Dataset section ->
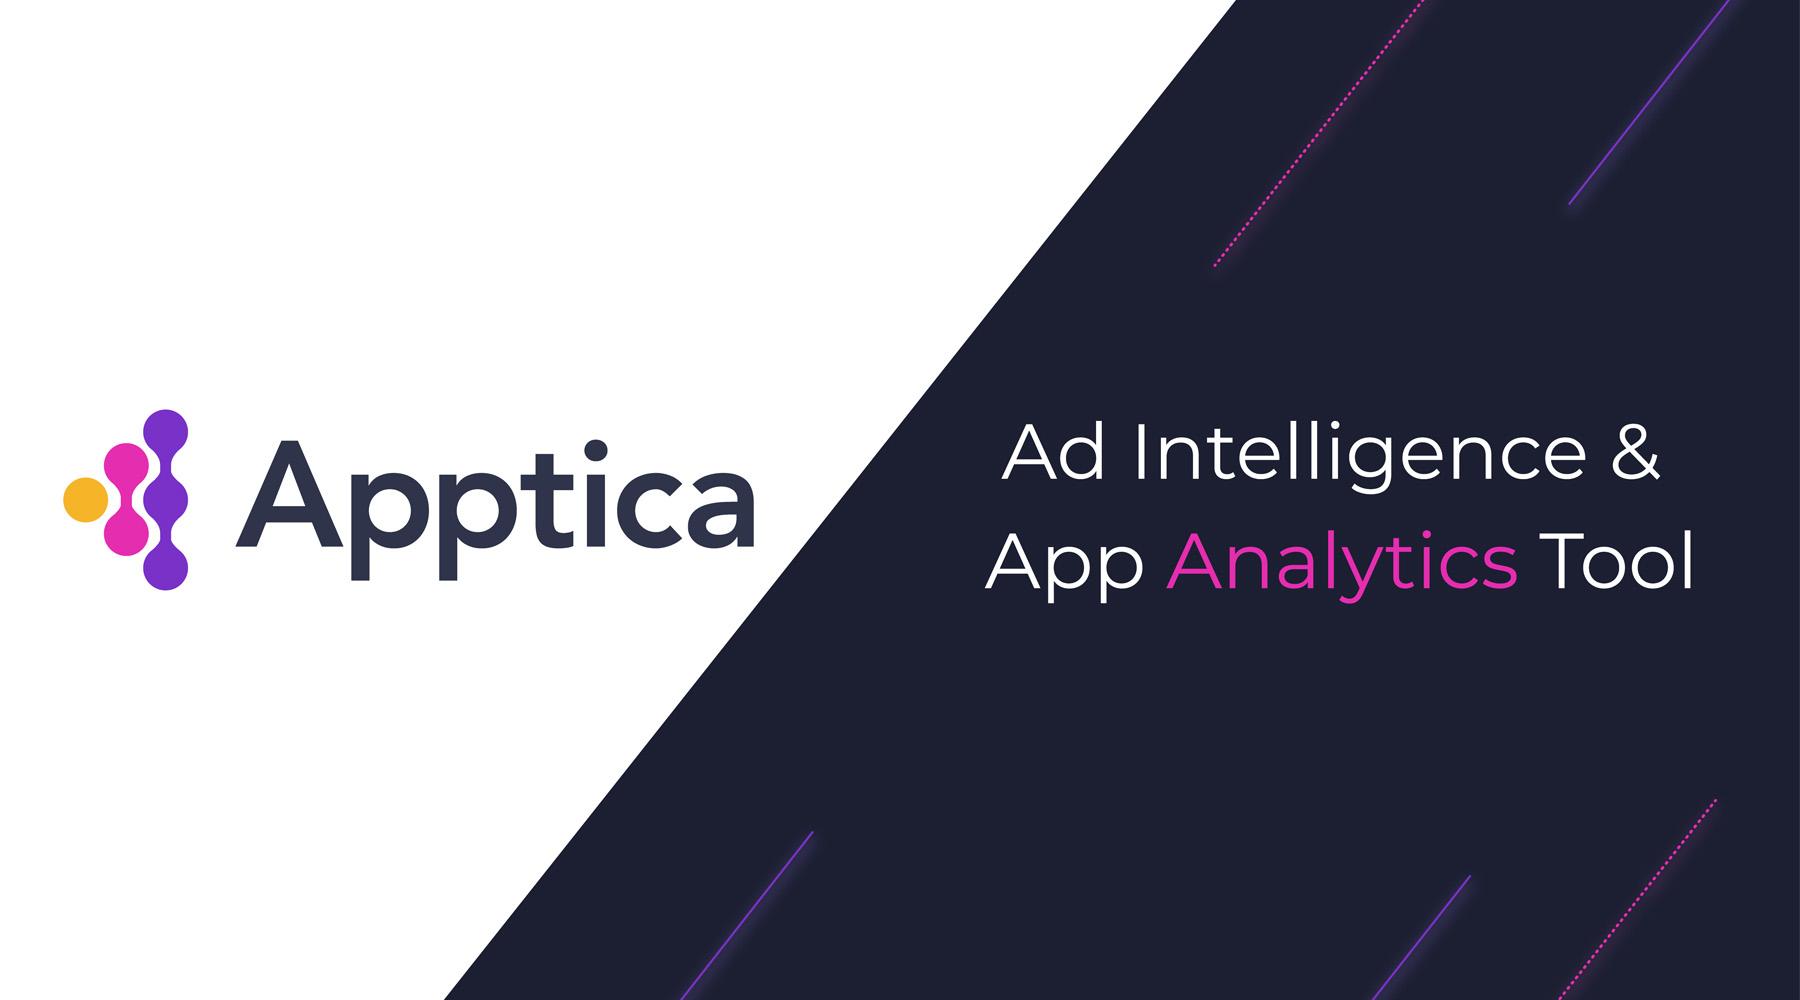 Top Charts - Apptica
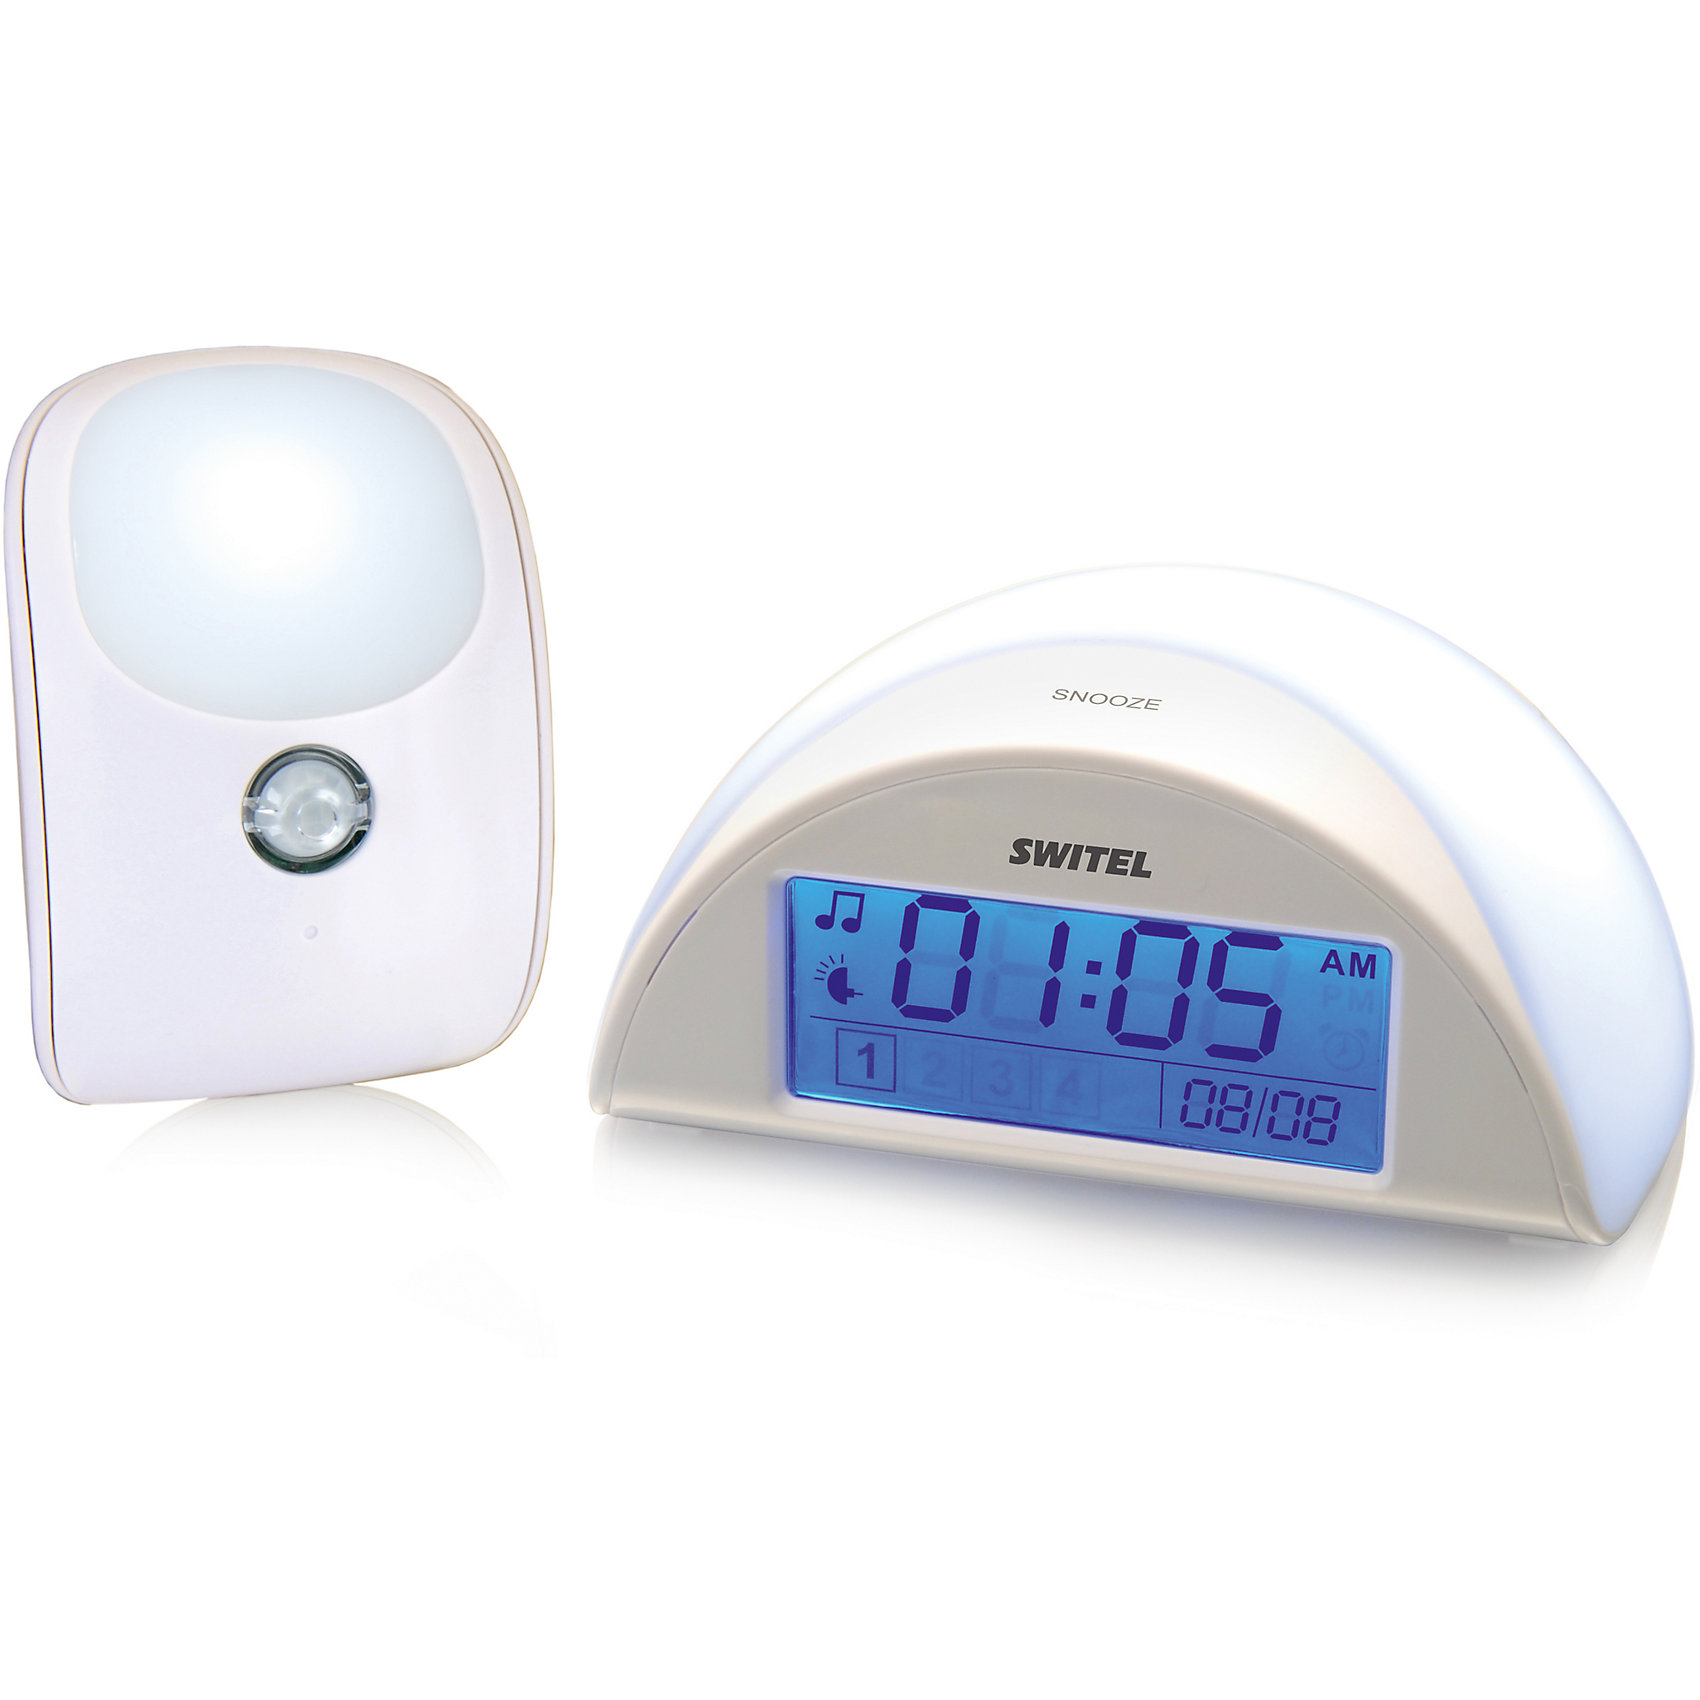 SWITEL Автоматический детский ночник с функцией радионяни BC110, SWITEL ночники pabobo ночник мишка путешественник
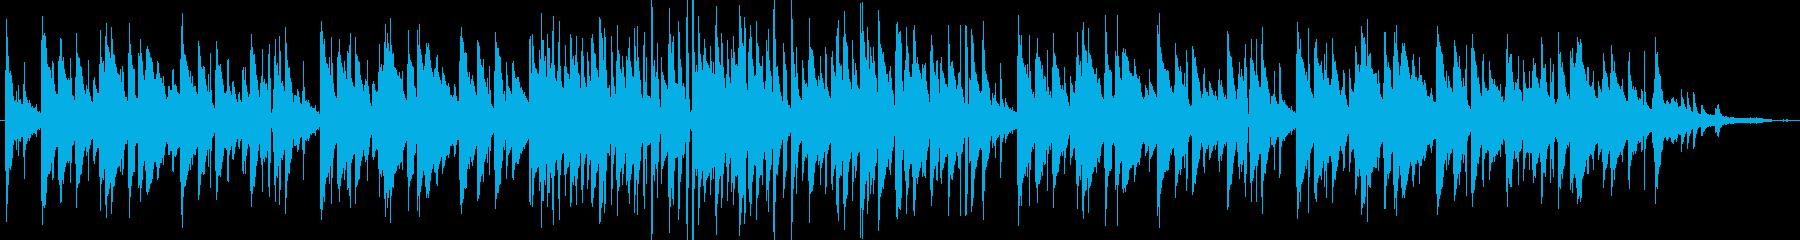 フランス・おしゃれカフェ系ジャズ・伴奏版の再生済みの波形

What the exercise asks ->
Make an exact printout of the listing above, omitting the images.

Exercise output ->
 Top Charts - Apptica
 SWITEL Автоматический детский ночник с функцией радионяни BC110, SWITEL ночники pabobo ночник мишка путешественник
 フランス・おしゃれカフェ系ジャズ・伴奏版の再生済みの波形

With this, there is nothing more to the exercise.